When researching a dividend stock, I always follow the following screening criteria:

  • Is its annual yield among the top 25% of dividend-paying companies?
  • Has it consistently paid a stable dividend without missing a payment or drastically cutting payout?
  • Has dividend per share risen in the past couple of years?
  • Can it afford to pay the current rate of dividends from its earnings?
  • Based on future earnings growth, will it be able to continue to payout dividend at the current rate?
SEHK:3626 Historical Dividend Yield January 23rd 19
SEHK:3626 Historical Dividend Yield January 23rd 19

How well does Hang Sang (Siu Po) International Holding fit our criteria?

The company currently pays out 72% of its earnings as a dividend, according to its trailing twelve-month data, which means that the dividend is covered by earnings. Furthermore, analysts have not forecasted a dividends per share for the future, which makes it hard to determine the yield shareholders should expect, and whether the current payout is sustainable, moving forward.

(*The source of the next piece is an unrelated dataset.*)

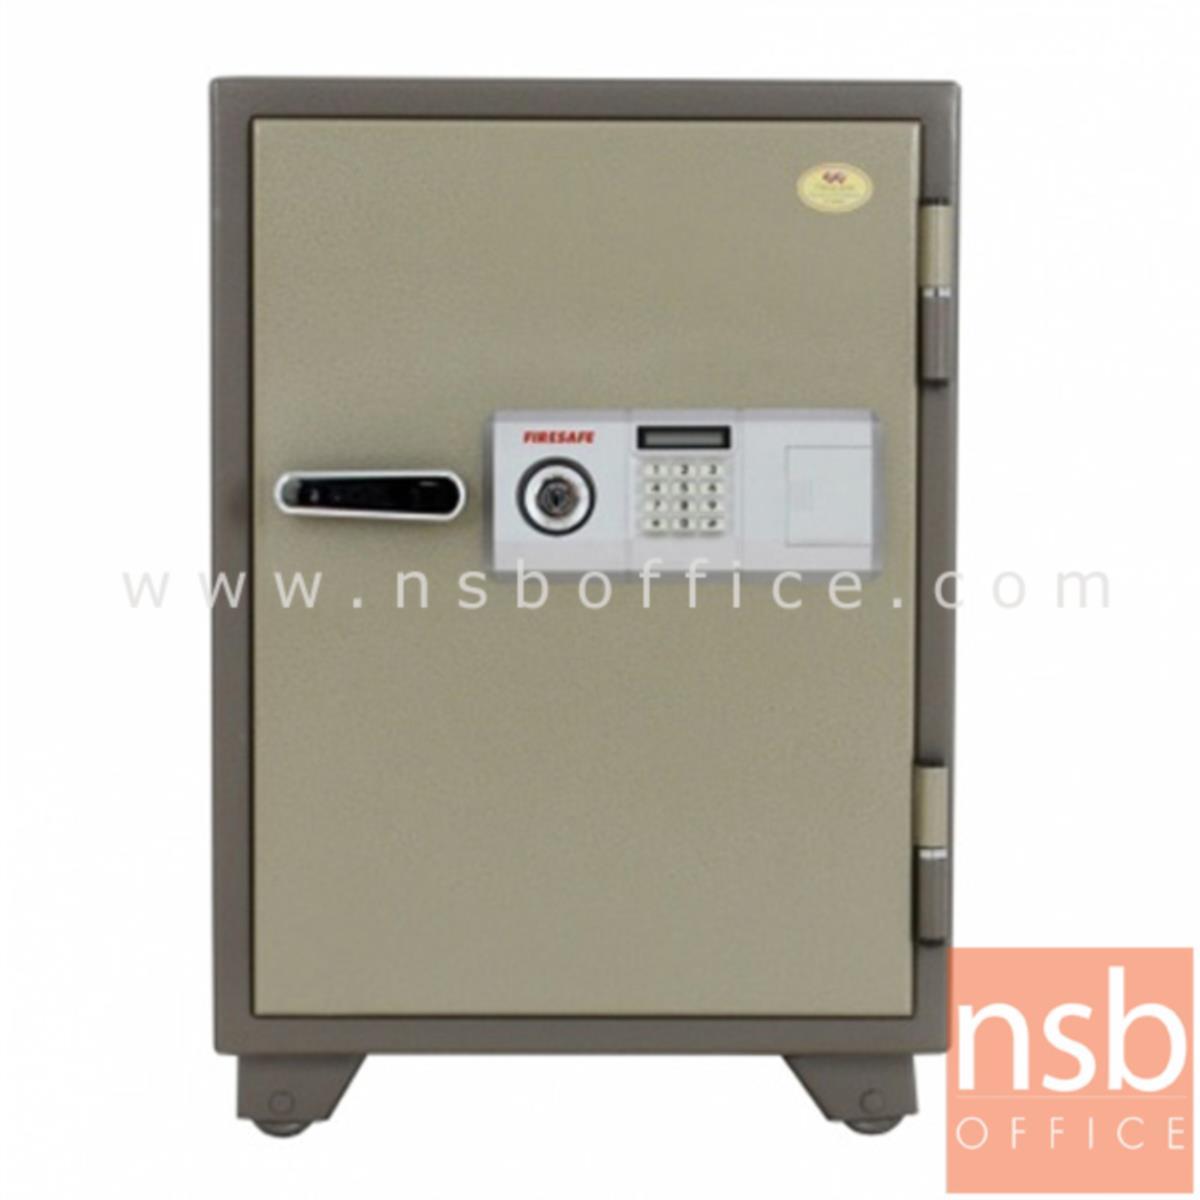 ตู้เซฟนิรภัยดิจิตอล 105 กก. ลีโก้ รุ่น LEECO-SD-XPL มี 1 กุญแจ 1 รหัส

When thinking about whether a dividend is sustainable, another factor to consider is the cash flow. Cash flow is important because companies with strong cash flow can usually sustain higher payout ratios.

If there is one thing that you want to be reliable in your life, it’s dividend stocks and their constant income stream. Unfortunately, it is really too early to view Hang Sang (Siu Po) International Holding as a dividend investment. It has only been paying out dividend for the past one year. Generally, the rule of thumb for determining whether a stock is a reliable dividend payer is that it should be consistently paying dividends for the past 10 years or more. Clearly there’s a long road ahead before we can ascertain whether 3626 one as a stable dividend player.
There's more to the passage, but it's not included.